There was a long silence before Ty shrugged again. “I don’t like him, but I do respect him. He’s one hell of a fighter, no matter what the weapon or situation. He has knowledge of how to use the land and his limited arms to his own advantage that many a general would envy.”

“Do you have any idea what he does to the captives who don’t escape?”

“Yes,” Ty said succinctly. “I didn’t say I admired him. But I learned in the war that honor and good table manners don’t have a damned thing to do with survival. Cascabel is a survivor. Black Hawk knows it. He hasn’t pressed a confrontation because he hopes that the U.S. Army will take care of the renegades for him.”

“Black Hawk is lucky that Cascabel hasn’t lured the whole tribe away from him,” Janna grumbled. “Cascabel must have half of Black Hawk’s warriors down here by now, and they’re still coming in by twos and threes every day.”

“Cascabel is half-Apache. The elders in the Ute tribe would never let him be a headman. As for the younger men, they still believe that they’re invincible. They haven’t had time to learn that the same army that flattened the South sure as hell won’t have too tough a time ironing out a few renegade wrinkles in the Utah Territory.”

She started to speak, then caught a flash of movement at the far edge of the meadow. Ty had seen the movement, too. As one they flattened completely to the earth, taking advantage of every bit of cover offered by the slight depression where they lay to watch the meadow.

Four hundred feet away, five Indians rode out into the wide river of meadow grass that wound between the two evergreen forests. The men rode boldly, without bothering about cover or the possibility of ambush, because they knew that Cascabel ruled Black Plateau. The only reason they weren’t laughing and talking among themselves was that human voices carried a long way in the plateau’s primal silence, and the deer they were hunting had excellent hearing.

Peering cautiously through the dense screen of evergreen boughs, spyglass shielded so that it wouldn’t give
away their position by reflecting a flash of light, Ty watched the hunting party ride along the margin of forest and meadow. Usually in any group of Indians, barely half the men were aimed with carbines, rifles or pistols, and there were rarely more than a few rounds of ammunition for each weapon. Part of the problem in getting arms was simply that it was illegal to sell weapons or ammunition to Indians. What they couldn’t take as the spoils of war they had to buy from crooked white traders.

But most of the problem the Indians had in staying well armed was that none of the tribes had any experience in the care and repair of machines or in the art of making reliable bullets. The weapons they acquired through war or bribery quickly became useless due to lack of ammunition or because of mechanical failure.

Cascabel’s men were well outfitted. As well as the traditional bow and arrows, each man had a carbine and
a leather pouch bulging with ammunition. Ty was relieved to see that the carbines were single-shot weapons of the type that had lost the Civil War for the South. None of the five Indians had a weapon that could compete with the new Winchester carbine he had discovered in an otherwise empty box at the store Preacher had rather hastily abandoned.

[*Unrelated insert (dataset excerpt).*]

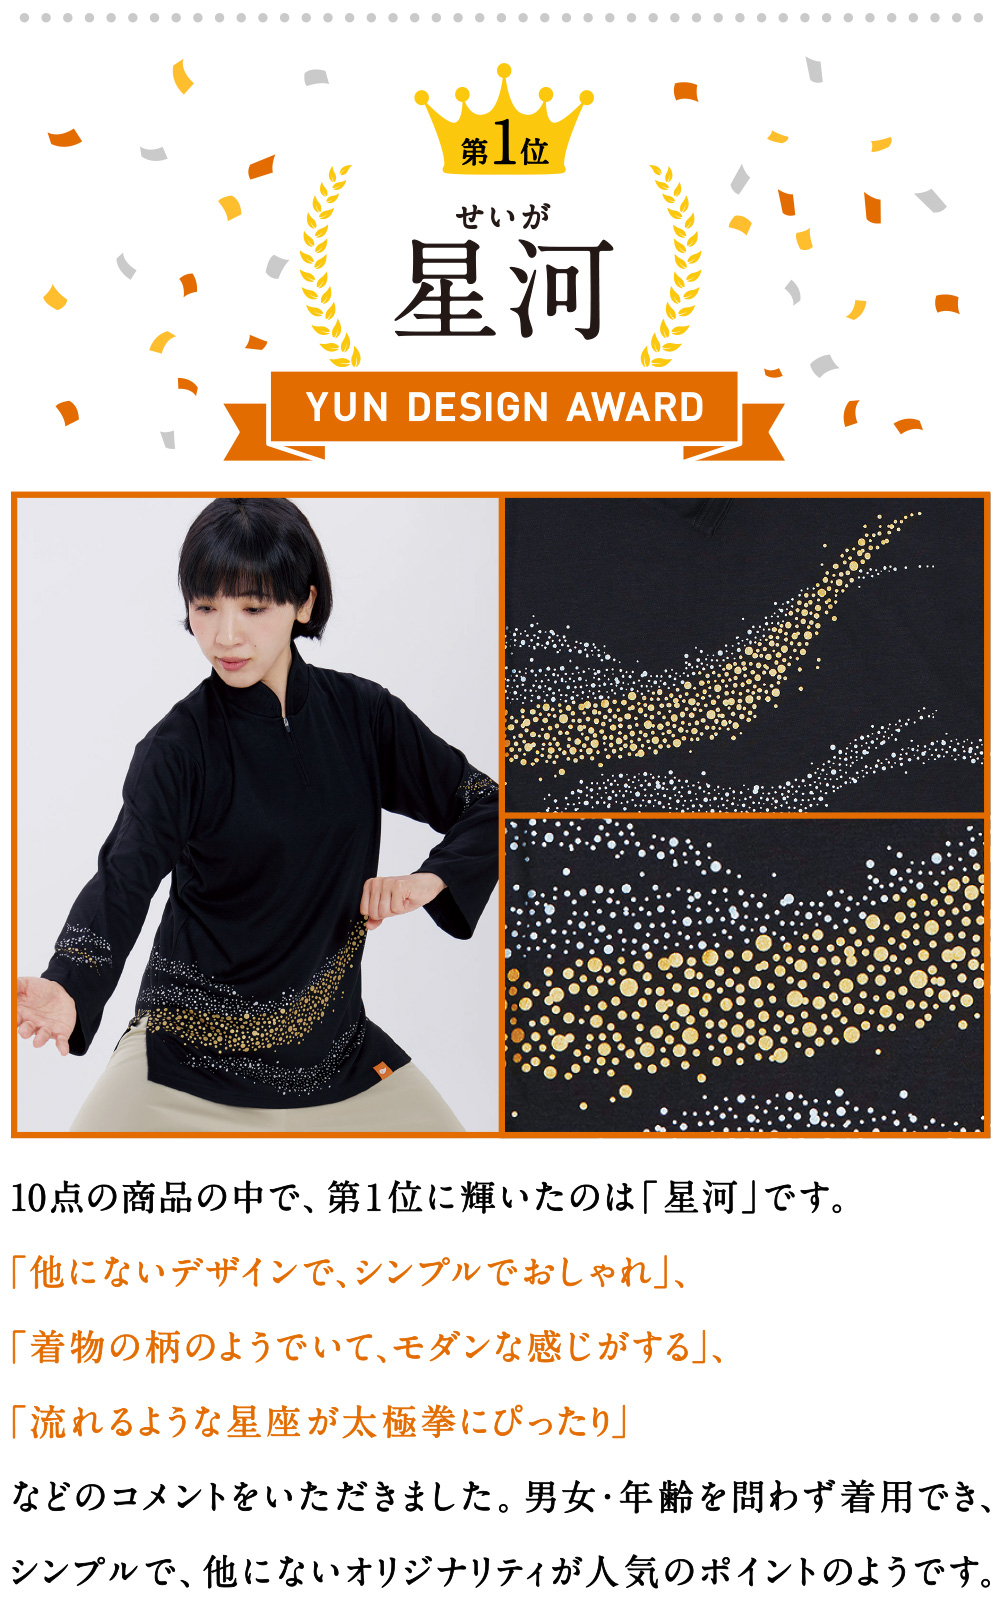 YUN Design Award

Ty’s new carbine was the type of weapon Johnny Rebs had enviously insisted that a Yank “loaded on Sunday and fired all week long.” With his new Winchester, Ty could reload as fast as he could fire, an advantage the Indians didn’t have unless they used their bows and arrows.

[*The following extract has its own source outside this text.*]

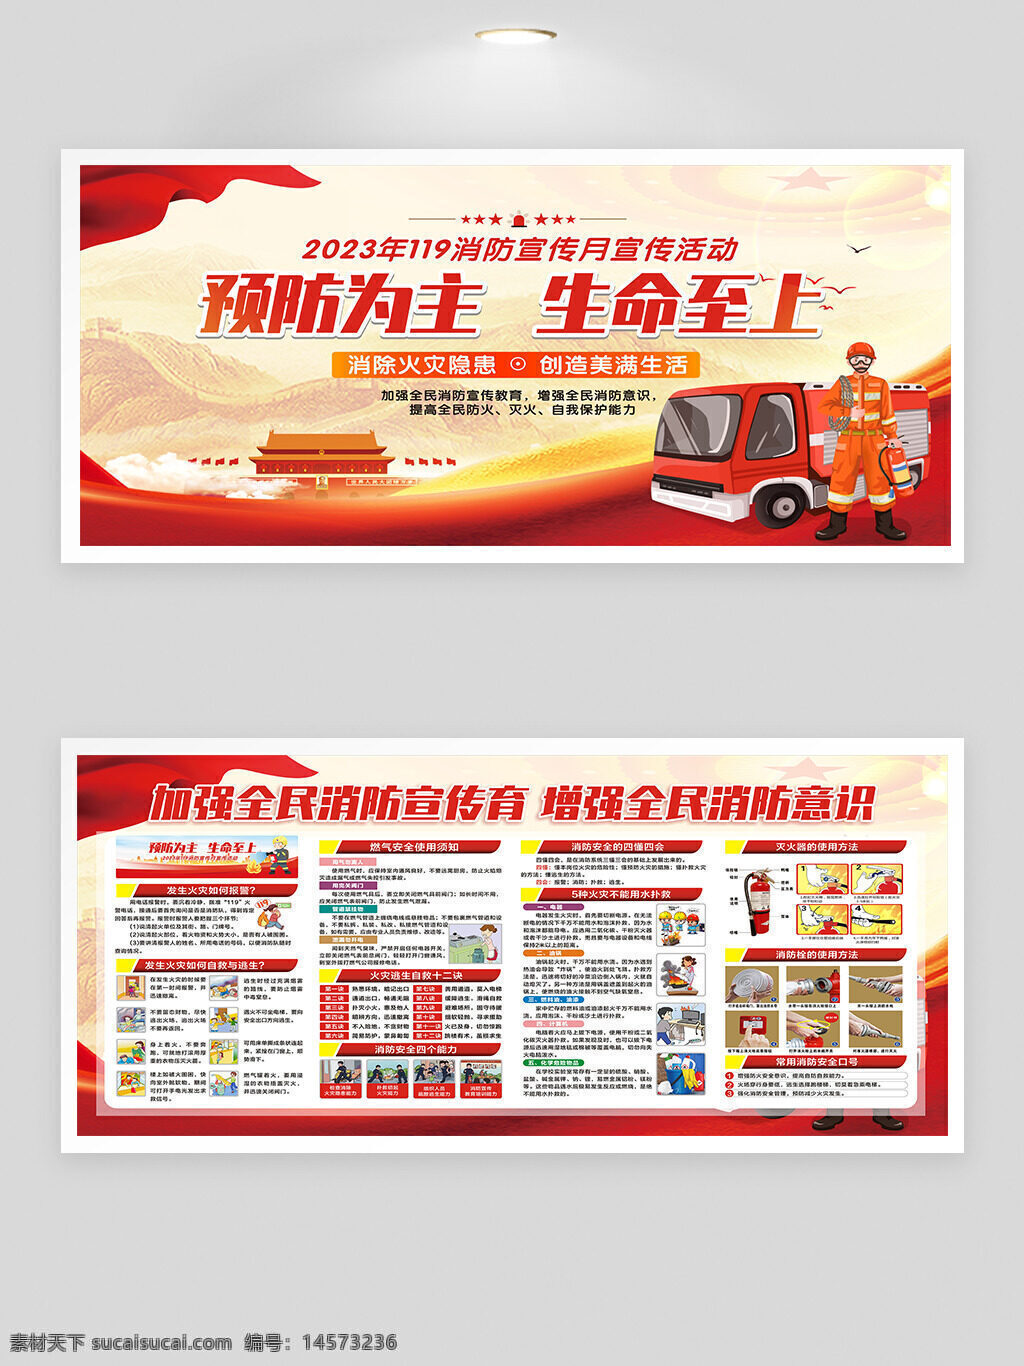 119消防 宣传月宣传活动 红色展板 2023年主题 消防安全防火知识展板 消防安全防火宣传展板

Ty went over the details of the renegades’ gear with the experienced eye of a man to whom such knowledge had meant the difference between continued life and premature death. The presence of good weapons explained some of Cascabel’s allure for young warriors—on a reservation, these men would have barely enough to eat, no weapons beyond what they could make with their own hands, and no freedom to roam in search of game. With Cascabel, the young men would have a chance to gain personal fame as warriors, they would be well fed and well armed, and they could live the roving life celebrated in tribal legends.